When a problem arises it can only appear before you. If you deal with it, it's done and you can move on.
If you don't deal with it and turn your back on it the problem is still going to be there. If you refuse to deal with any problems, you will soon have a queue of issues that are bursting for resolution.
This is why these people often go through life moaning that trouble follows them wherever they go. 
Trouble can only follow if you have your back to it and ignore it.
And cheaters are not known for dealing with issues properly....


----------



## Shooboomafoo (Mar 30, 2011)

A few years after getting together with my ex, somehow the light switched off for intimacy. In comparison to the limerance it was a drastic change. Long periods of time went by, and I was constantly around women in the band situation, so snatch was everywhere. 
Sometimes I felt like I imagine some cheaters feel when they actually are faced with that problem and feel such resentment and rejection from it, that someone else's attention towards them is overwhelming.

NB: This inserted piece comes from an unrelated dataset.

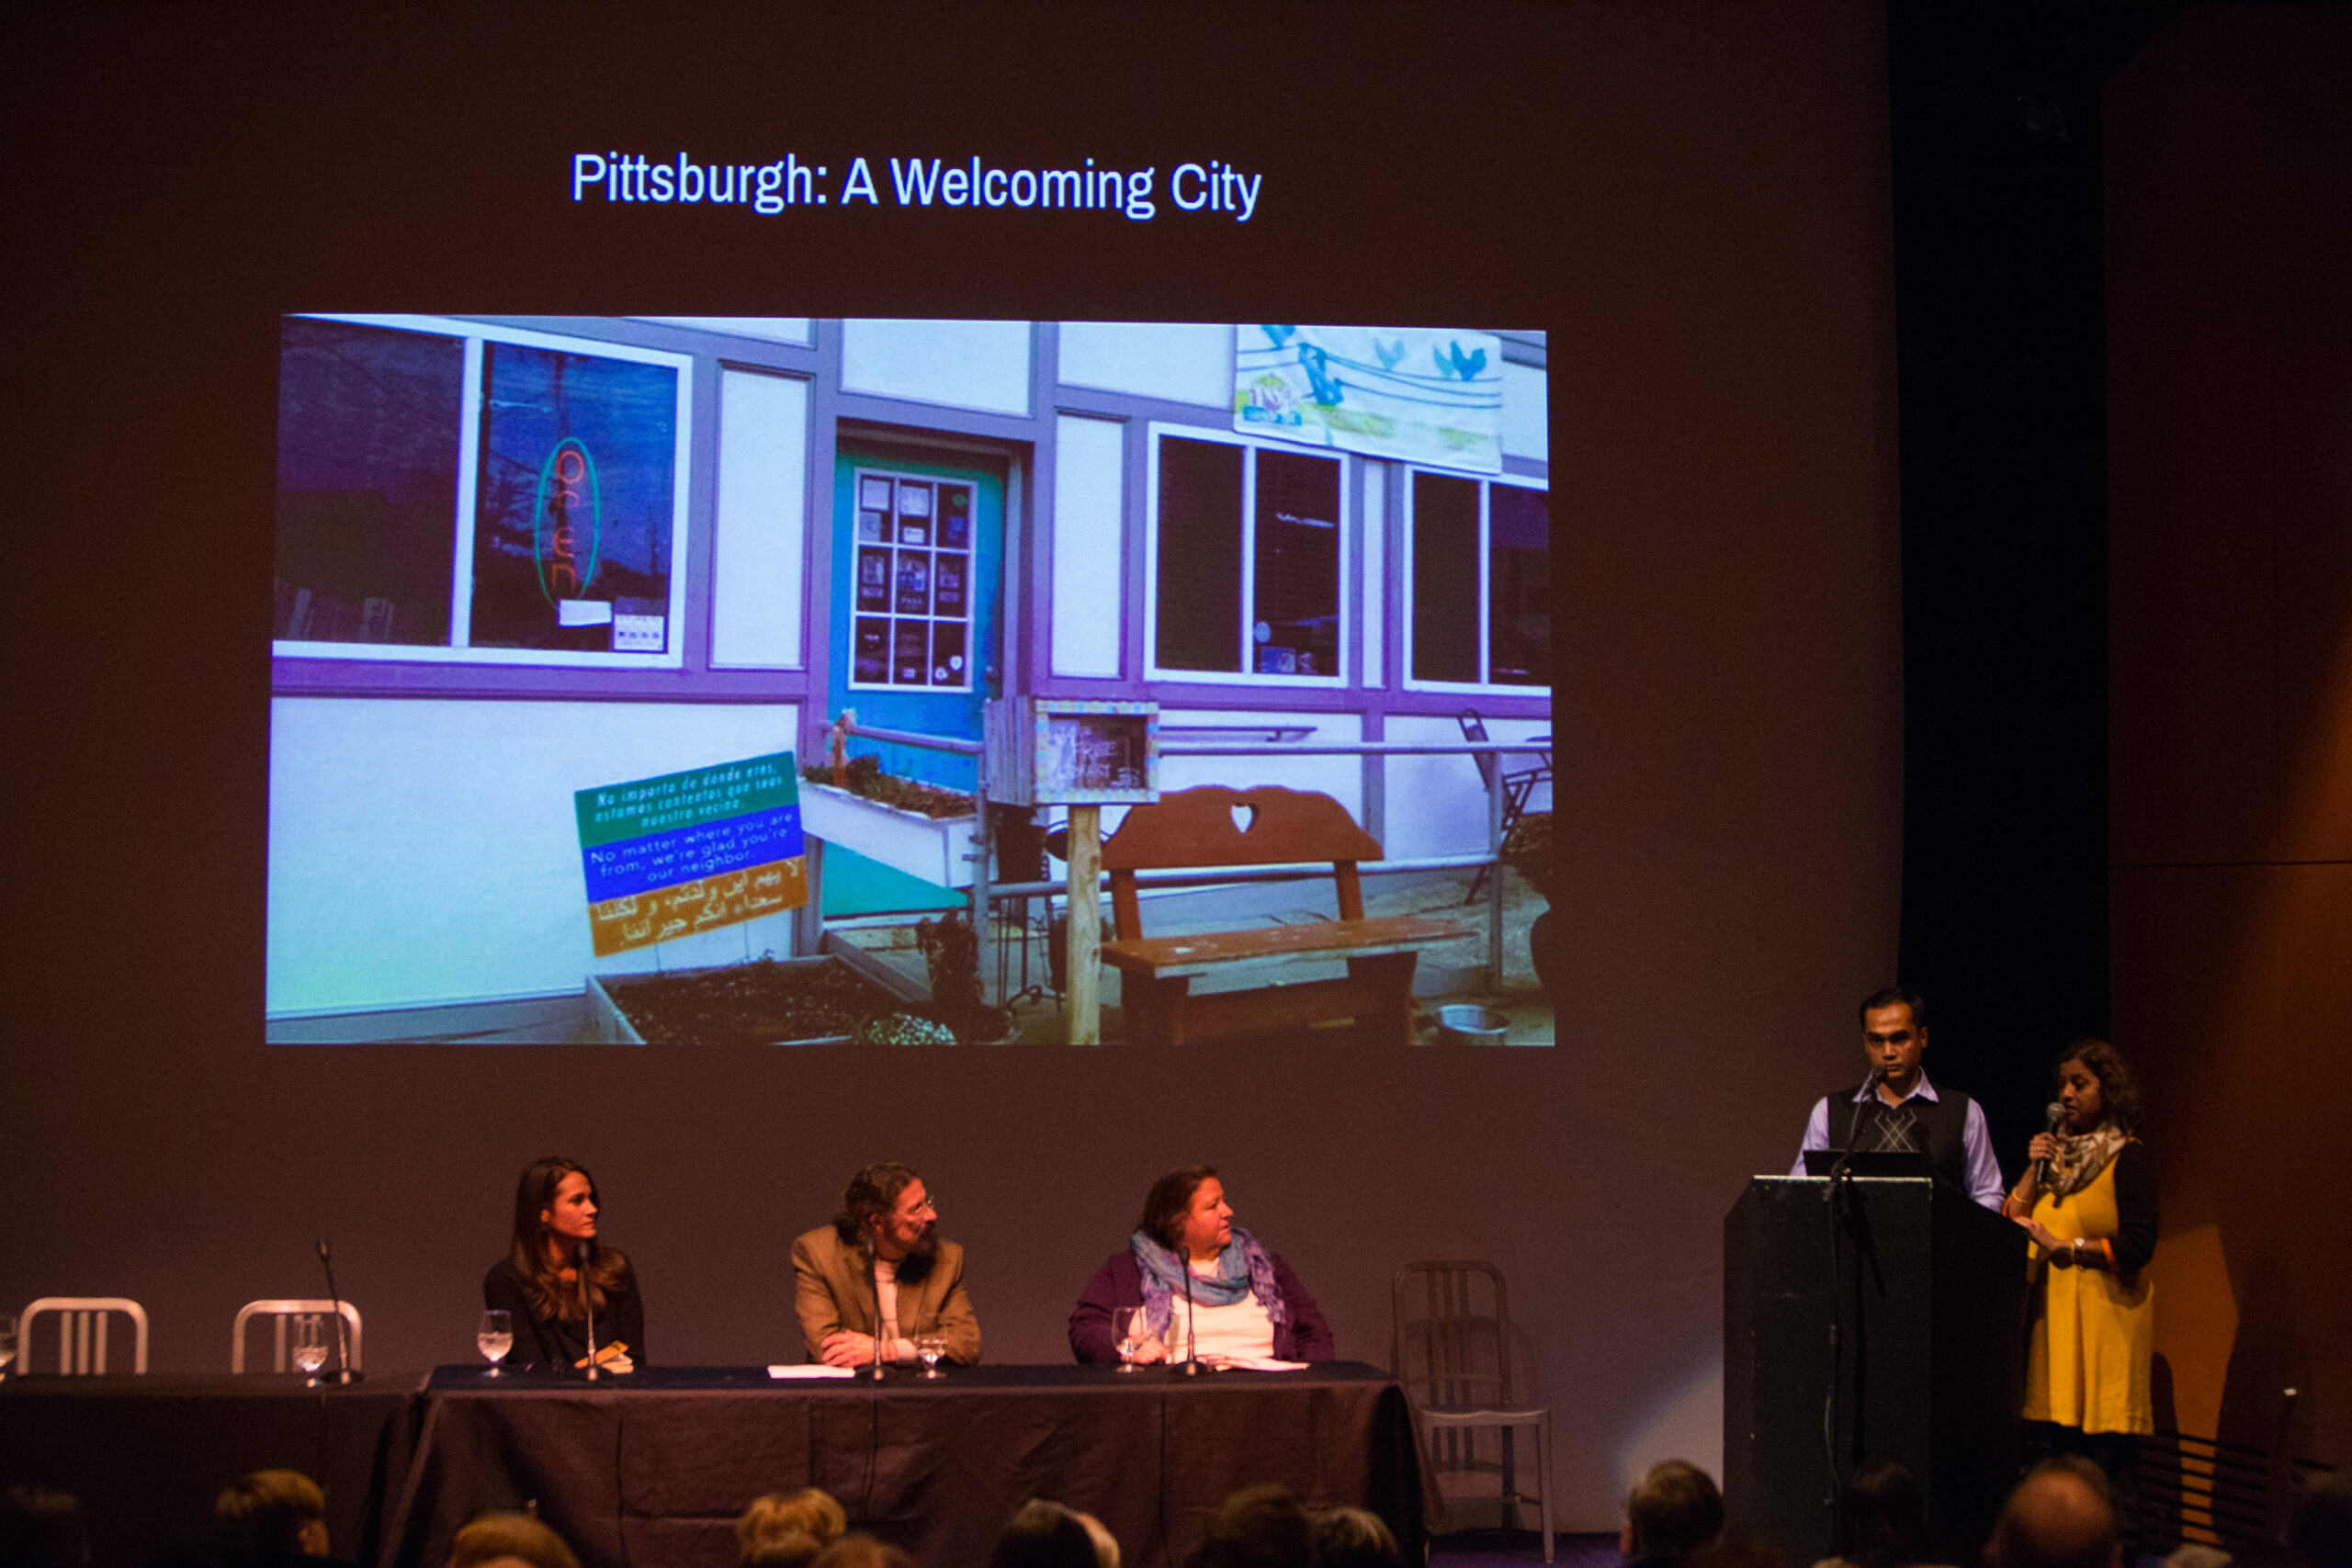 Three panelists sit at a table on the left side of a stage. They look towards two speakers standing behind a lectern to the right. Projected behind them is a photo of a storefront with a green, blue, and yellow sign in front. Above the image is the text Pittsburgh: A Welcoming City.

But crossing that line,,, thats the clinch.
I guess I could take some blame for not being more aggressive towards trying to get to the heart of the problem with my wife at the time, and working those issues out, but that was a communication problem that existed in tandem with everything else.
I remember many nights laying down in bed and staring at my wife's back, or worse, a row of pillows she says were for her sleeping comfort, but conveniently provided a barrier towards any advance.
I dont know. I failed at being active towards dealing with issues properly, then over time the marriage just became like paint on the wall, it was there.


----------